The car seemed for a horrible instant to be trying to climb the tree, but of course it couldn’t be. The nose of the car collapsed like an accordion, and the air exploded with lightning bolts of broken glass.
And then everything was still.
Kelly slammed on her brakes and tumbled out of her car without even stopping to turn off the engine. She was trying to punch in 911 on her cell phone, but her fingers were like rubber, and she misdialed twice before she got through. She ran, but her legs were shaking so hard she twisted her ankle and had to hobble the last few yards.
“We need an ambulance. There’s been a terrible accident.”
“Where are you?”
She looked around. For a moment she couldn’t think where they were. It was so dark. Everything was foggy and silent, except for the hiss of something coming out of Lillith’s car.

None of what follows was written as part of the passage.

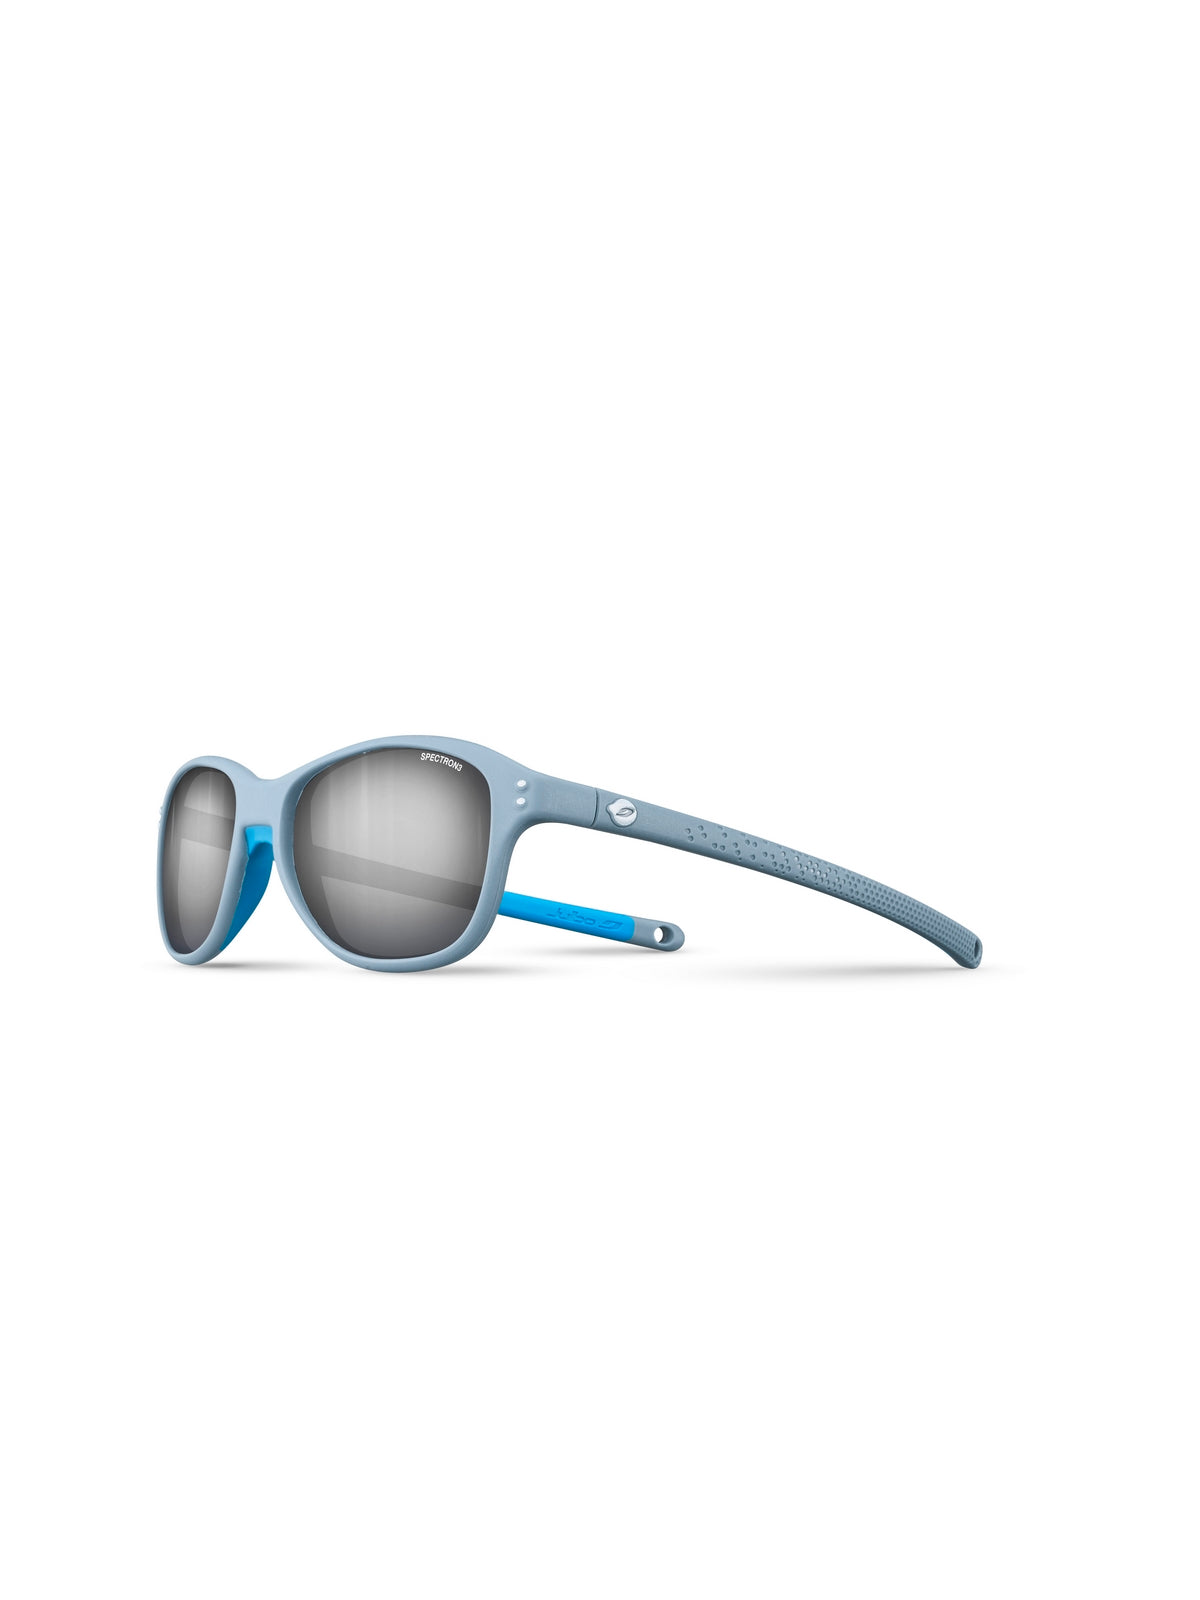 Okulary przeciwsłoneczne Julbo Boomerang - matowy szary / Light niebieski| Spectron 3+

“The bridge,” she managed to say. She stumbled over the curb and dropped the telephone. Somehow she found it again, just in time to hear the voice on the other end asking her which bridge.
Which bridge? This bridge. This cruel, dangerous, deadly bridge. But what was it called? She needed to be more coherent. She had always hoped she was the kind of person who would be good in a crisis. But she felt as if her heart and mind had collapsed, just like the hood of Lillith’s car.
“The foot of the East River Bridge,” she said. “The south side, the Destiny Drive side. She hit a tree. Please. Send someone right away.”
Her toe jammed a boulder half-hidden by the fog. Pain streaked up her shin, and once again she dropped the telephone. This time it clattered against other rocks and disappeared into the fog. Kelly felt the ground for it briefly, but then she heard a sound coming from the Jaguar. A low, moaning sound.
“I’m here,” she called out. She scrambled over wet grass until she finally reached the car.
It was the saddest sight she’d ever seen.